At a high level, I am wondering if in a sequential process it is better to reutilize samples even if these samples have been used to make past decisions.
Let me formalize my doubts in a toy example where, informally, the goal is to select a coin with the lowest bias in a sequence of coins. We do so by sequentially drawing samples from two coins at a time, maintaining a $(1-\delta)$-confidence interval for each of them, and discarding a coin as soon as the two intervals detach. The idea is that, for the coin that we keep, we reutilize the samples we have already drawn to compare it to the next coin.
Let $(\mu_{k})_{k\in\mathbb{N}}$ be a sequence of numbers in $[0,1]$, representing the bias of a sequence of coins (where Heads is 1 and Tails is 0).
At the beginning, denote coin $1$ by "old", coin 2 by "new", $n_{0} = 0$, and $\delta\in(0,1)$. The process unfolds in epochs.
During each epoch $\tau\in\mathbb{N}$
- We draw $n_{\tau-1}$ samples of the "new" coin, independently of the past and each other.
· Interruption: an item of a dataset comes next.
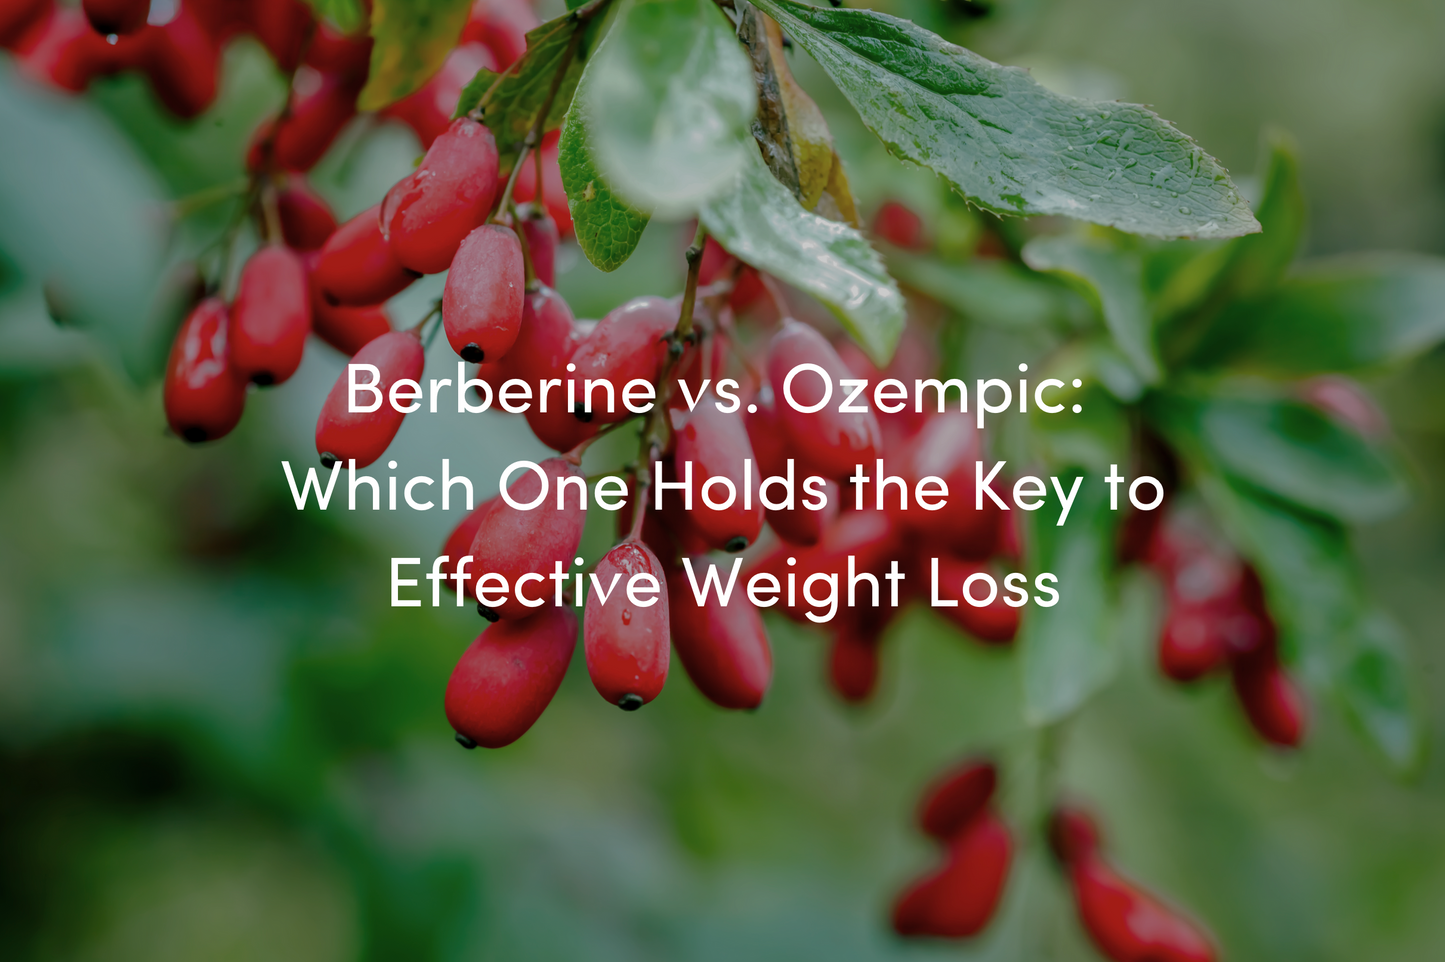 Berberine vs. Ozempic: Which one holds the key to effective weight loss
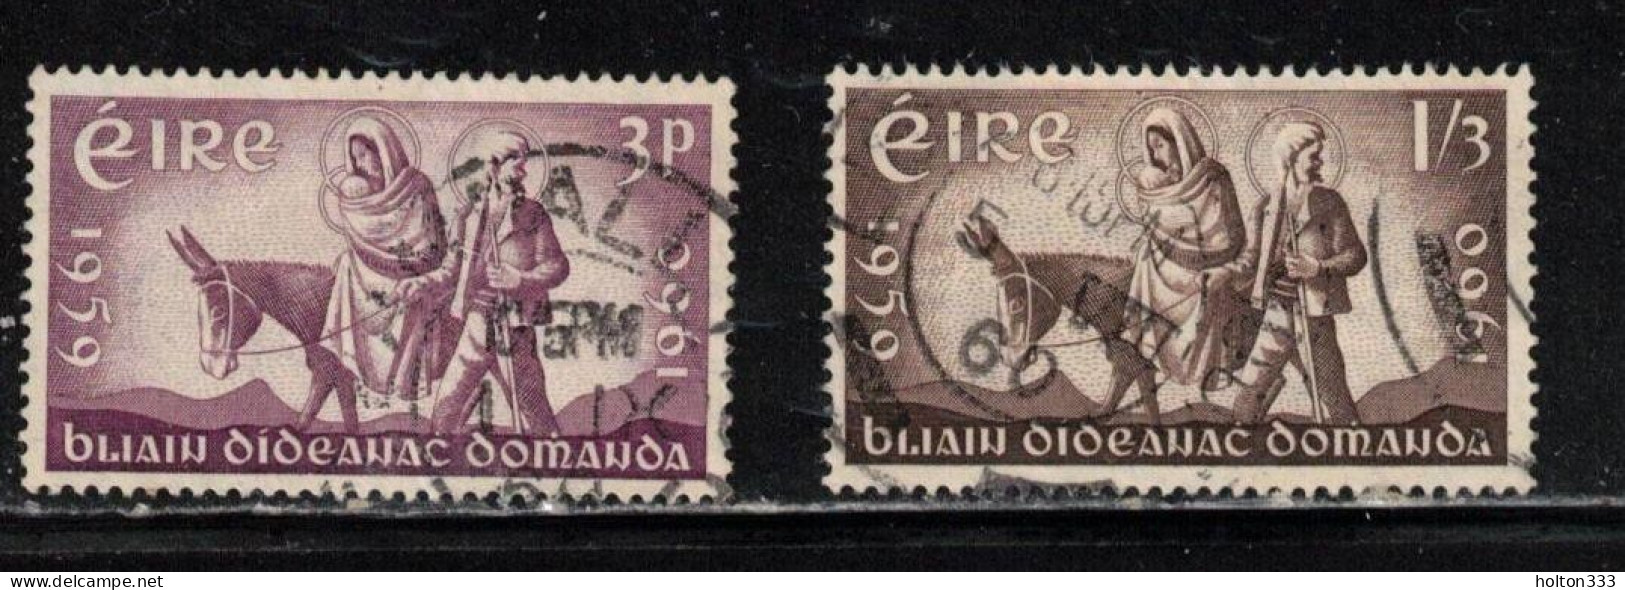 IRELAND Scott # 173-4 Used - Flight Of The Holy Family C - Used Stamps

- We repeatedly draw 2 samples at the time, 1 from the "old" coin and $1$ from the "new" coin (independently of the past and each other), interrupting as soon as $n_{\tau}$ samples have been drawn, where $n_{\tau}$ is the smallest number of samples needed to verify $$ \overline{X}^{\tau,\text{old}}+\sqrt{\frac{\log(2/\delta)}{2n_{\tau}}}\le\overline{X}^{\tau,\text{new}}-\sqrt{\frac{\log(2/\delta)}{2n_{\tau}}}\qquad\text{or}\qquad\overline{X}^{\tau,\text{new}}+\sqrt{\frac{\log(2/\delta)}{2n_{\tau}}}\le\overline{X}^{\tau,\text{old}}-\sqrt{\frac{\log(2/\delta)}{2n_{\tau}}}\;,$$ and $\overline{X}^{\tau,\text{old}}$ (resp., $\overline{X}^{\tau,\text{new}}$) is the sum of all the samples of the "old" (resp., "new") coin that have been drawn throughout epochs divided by $n_{\tau}$ (i.e, the empirical means).
- If the first condition in the display above is true, then eliminate the "new" coin, conclude the current epoch, and denote by "new" the next unused coin in the sequence. If the second condition in the display above is true, then eliminate the "old" coin, conclude the current epoch, denote by "old" the "new" coin and by "new" the next unused coin in the sequence.
For any $s\in \mathbb N$, if $s$ samples have been drawn so far throughout all epochs, the process is in some (random) epoch that we denote by $\tau(s)$. Moreover, we denote the (random) indices of the two active "old" and "new" coins at time a $s\in\mathbb{N}$ by $k(s,\text{old})$ and $k(s,\text{new})$.
We want to find a (sharp) upper bound, for any $s\in\mathbb{N}$ and $\varepsilon>0$, for the probabilities $$ \mathbb{P}\left(\left|\mu_{k(s,\text{old})}-\overline{X}^{\tau(s),\text{old}} \right|>\varepsilon\right)\qquad\text{and}\qquad\mathbb{P}\left(\left|\mu_{k(s,\text{new})}-\overline{X}^{\tau(s),\text{new}}\right|>\varepsilon\right)\;. $$
The idea is that, if we started drawing fresh samples at the beginning of each epoch (throwing away the old ones), we would easily bound the tail probability above with Hoeffding's inequality. I am wondering if the same can be done when samples are recycled, maintaining the exponentially small tails.